Я все-таки оставил на стойке все, что у меня было.

— Мы же подходим, — сказал я. — Там мне эти деньги просто ни к чему.

Заложив руки за спину, он мотал головой, ничего не слушая, лицо у него было строгое.

— Ваш друг подарил мне при своем визите эту книгу. Я не смог ее целиком прочесть. Мне это оказалось не под силу. Но то, что я прочел, — капитан положил руку на зеленый том «Онкологии брюшной полости», — вызывает у меня к автору глубокое уважение. Это первое…

Капитан смотрел на меня глазами, которые он сам норовил делать нарочито невыразительными. Анатолий Петрович сейчас явно волновался, и, хотя его волнение никак внешне не выразилось, оно передалось и мне. Я не знал причины его волнения, он молчал, и молчание наше скоро стало почти невыносимым.

— Ладно, — наконец сказал он. — Тут, видно, все равно без объяснений не обойтись. Вы Каюрова хорошо знаете? Давно его знаете?

Я ответил.
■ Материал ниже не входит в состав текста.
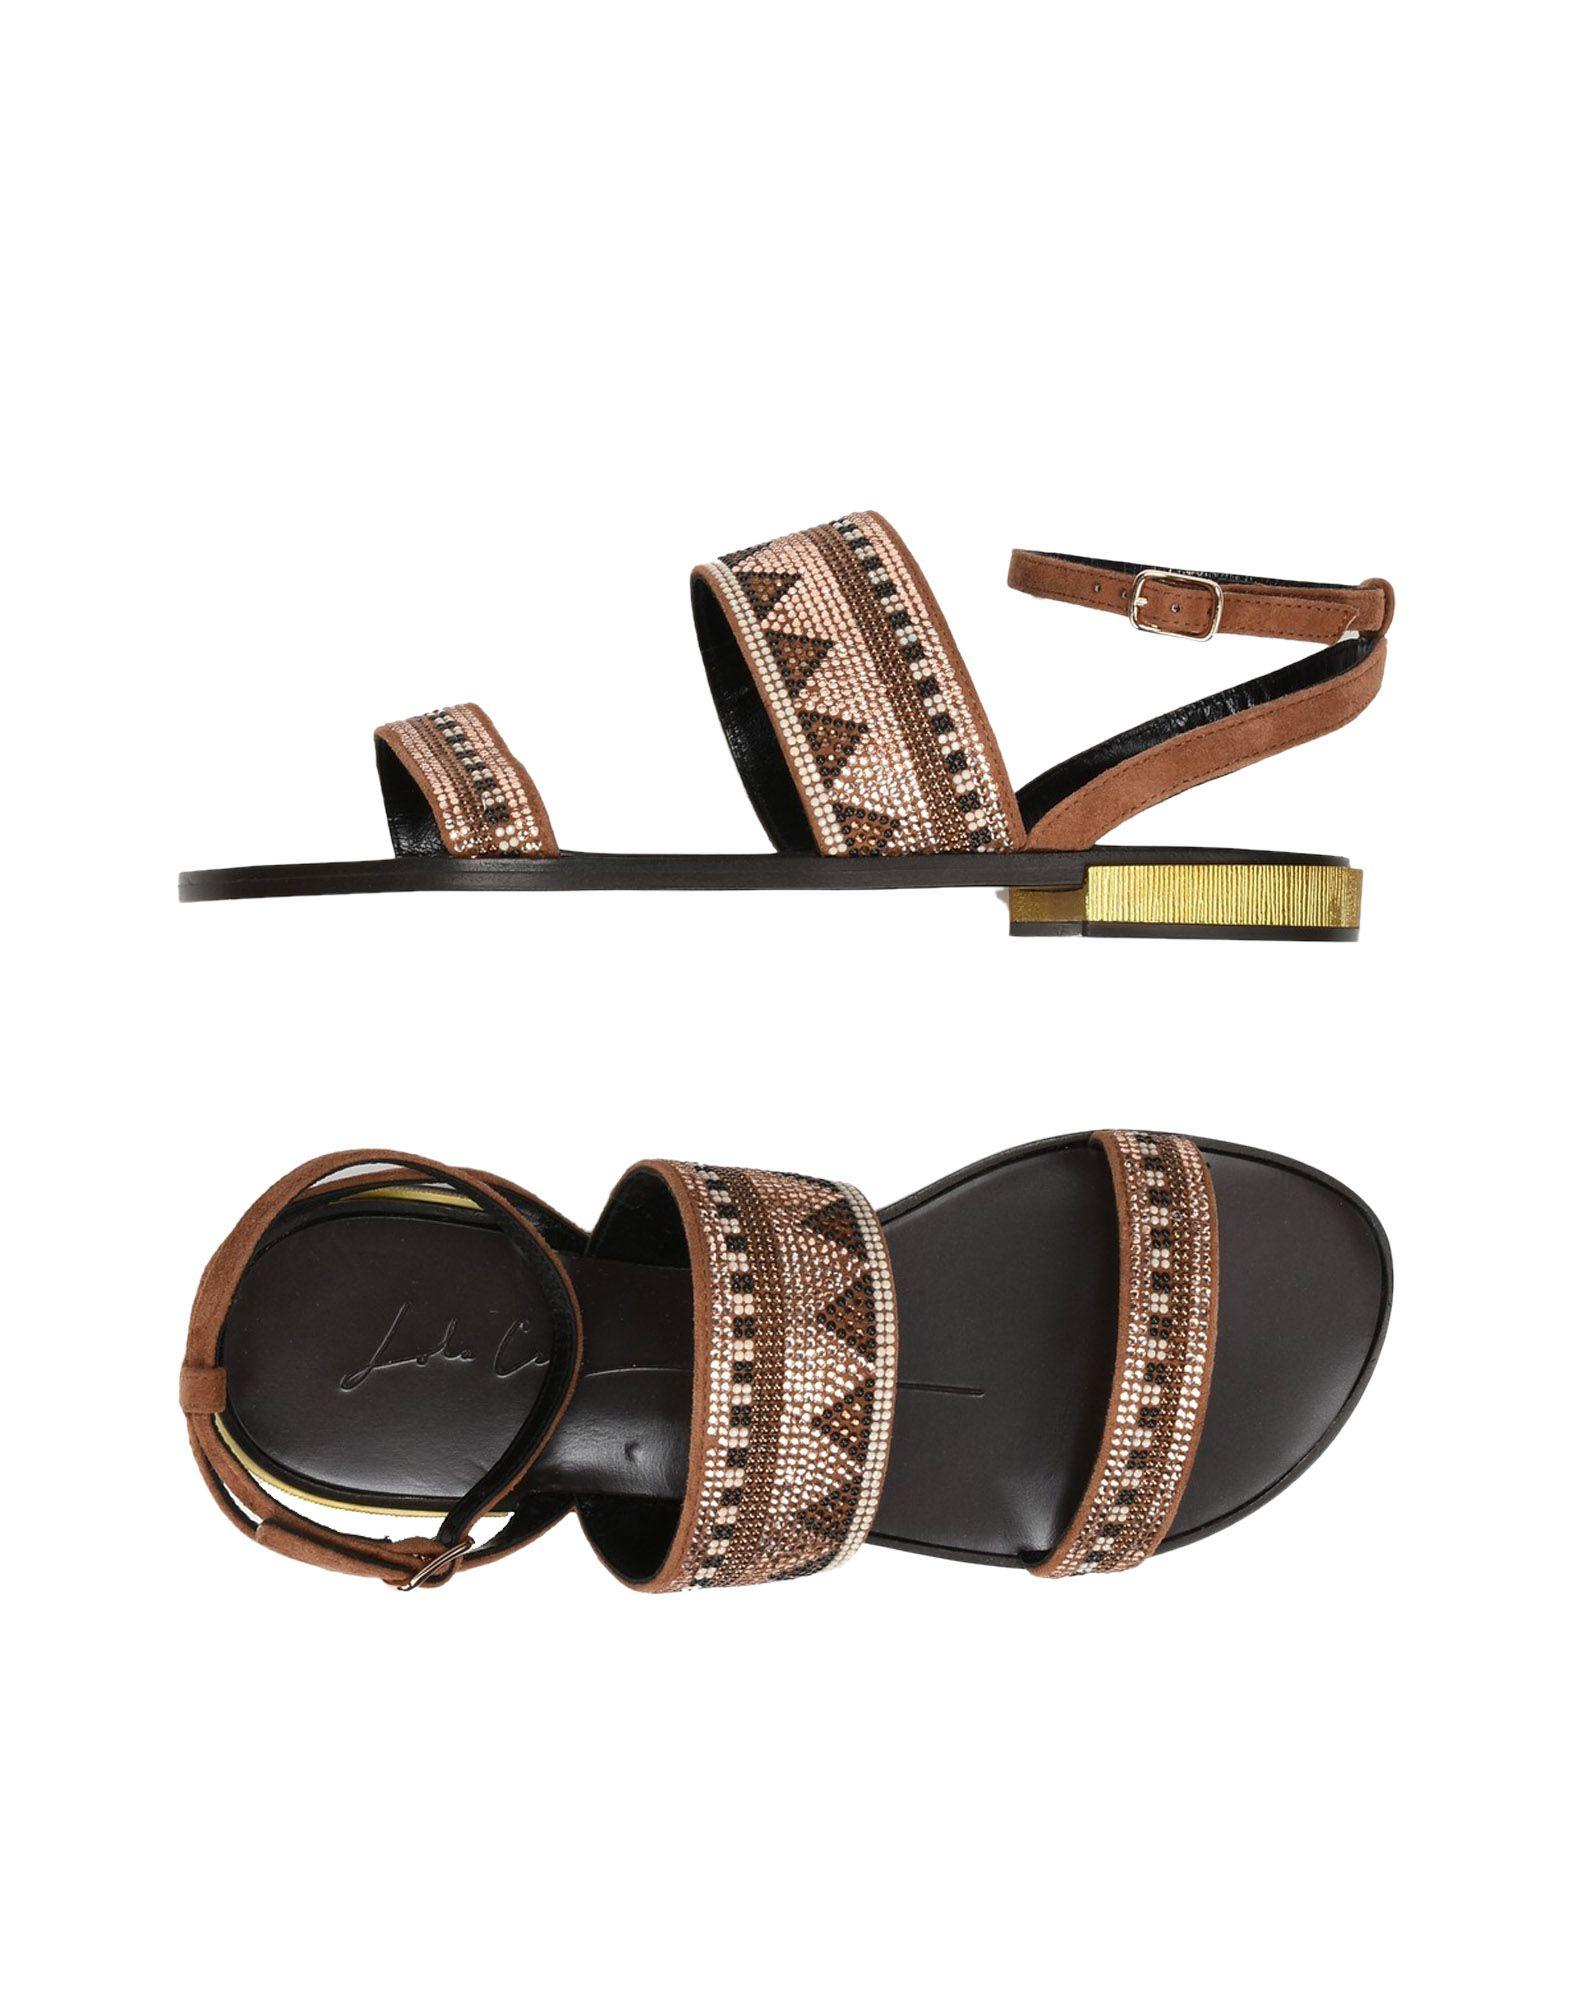 Lola Cruz Sandalen Damen  11346969HC Gute Qualität beliebte Schuhe

Анатолий Петрович слушал мой ответ жадно.

— То есть прямо над вашей квартирой? — как бы не веря себе, переспросил он.

Теперь уже волнение этого человека, который за полтора месяца ни разу не повысил голоса, стало совершенно явным.

— Он мне жизнь спас. — Анатолий Петрович смотрел мне в глаза, но меня не видел. — Не то чтобы помог или направил на путь истинный, а форменным образом спас. Я под трибунал должен был идти. В сорок третьем, в январе… Мы в Рейкьявике стояли под погрузкой. Танки грузили. А я загулял. Девятнадцать лет, шапка набекрень. Должны были расстрелять… А я вот… живу: Каюров спас. Так представил дело, будто не очень уж я и виноват. Другого бы не послушали, но его послушали. Они наперечет были — Трескин, Воронин, Бютнер… И он.